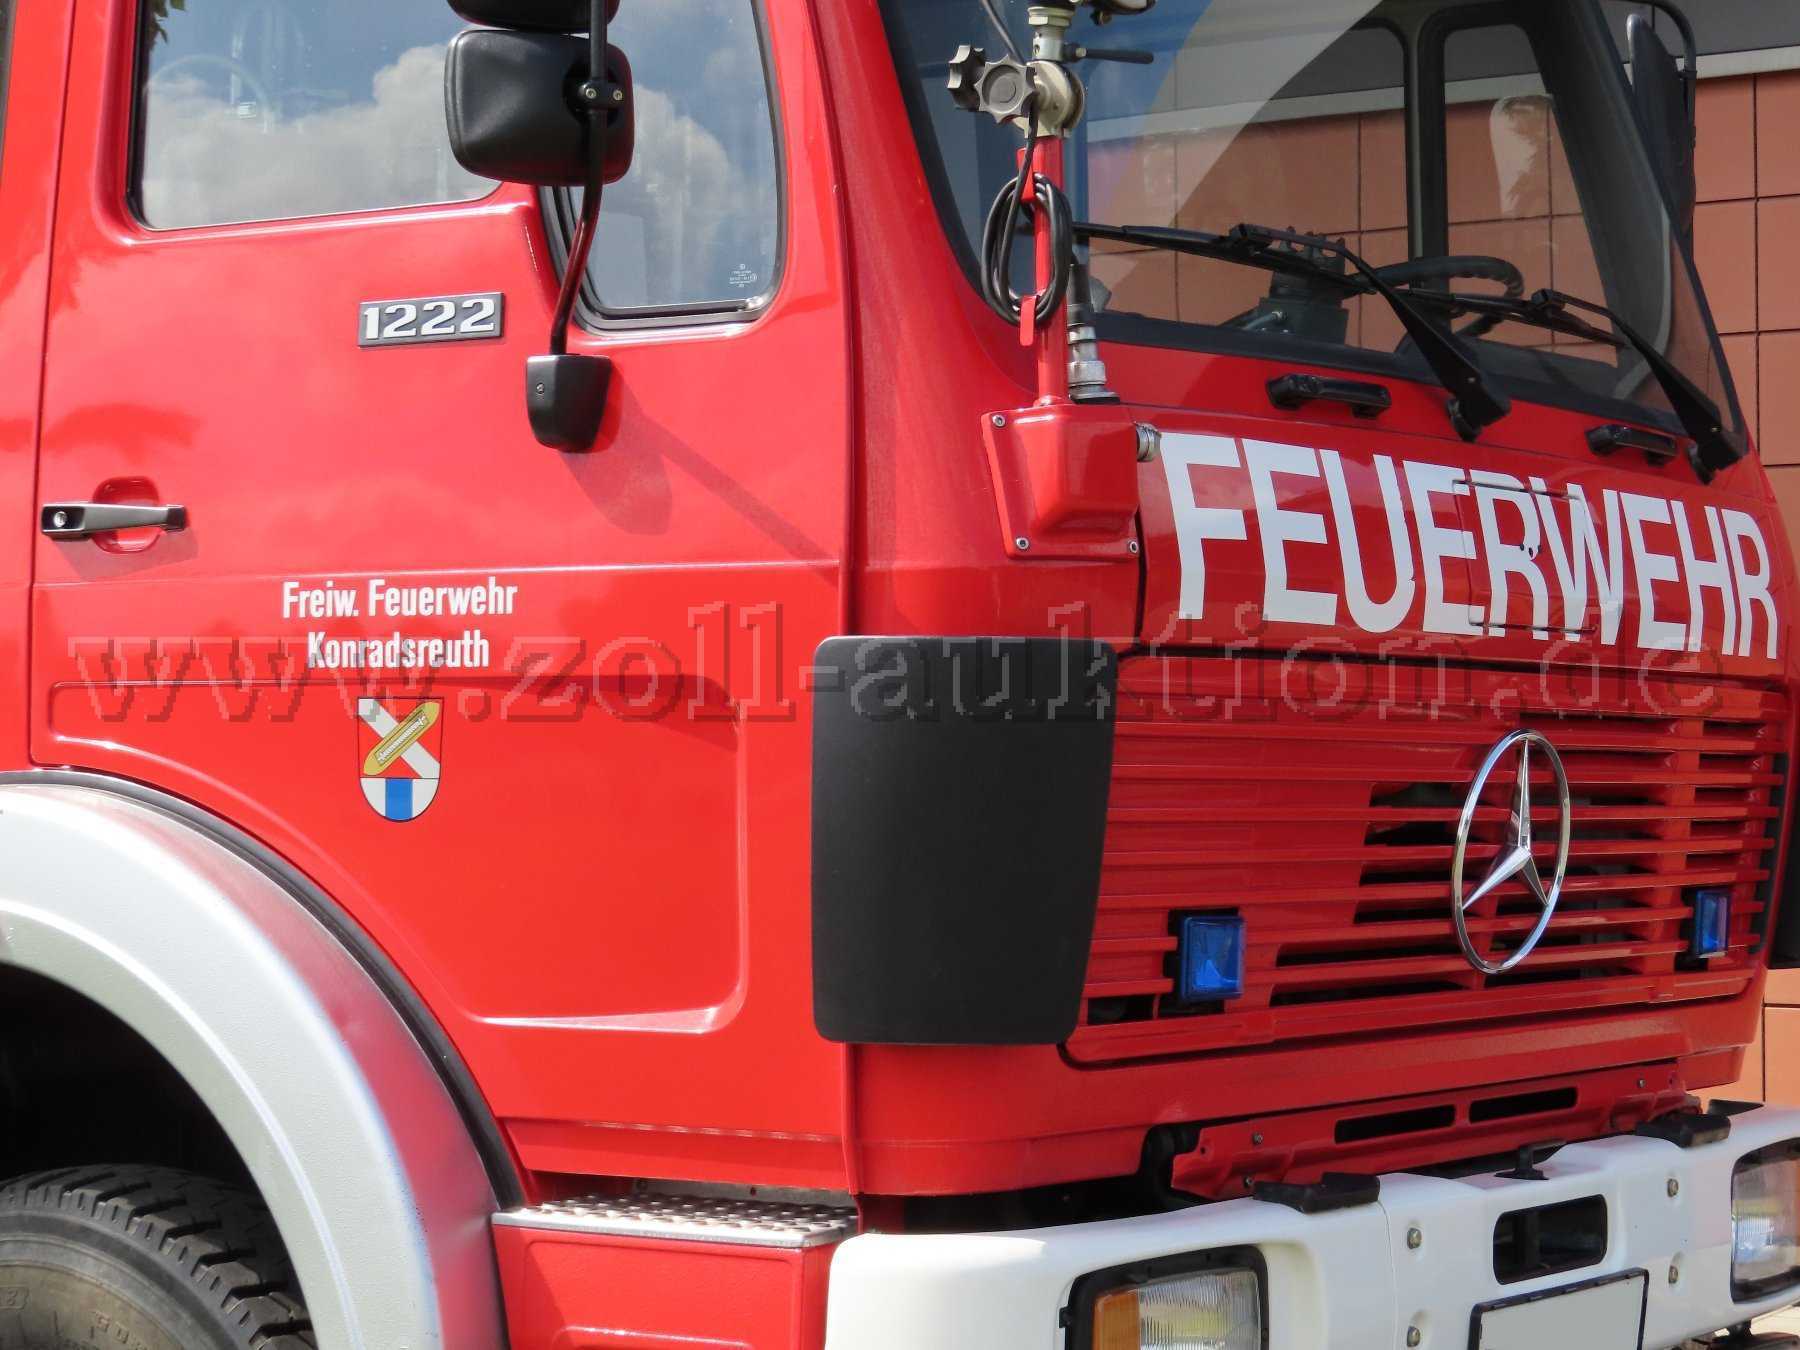 Rotes Feuerwehrfahrzeug Mercedes-Benz 1222
Nahansicht vorne rechts
Blick auf das Führerhaus und die Beifahrertür des Fahrzeugs

★ ★ ★ ★

## PROBLEM REQUIREMENTS
Everything in the listing above must be restated word for word, except the images.

## ANSWER TO THIS TASK
 Rotes Feuerwehrfahrzeug Mercedes-Benz 1222
Nahansicht vorne rechts
Blick auf das Führerhaus und die Beifahrertür des Fahrzeugs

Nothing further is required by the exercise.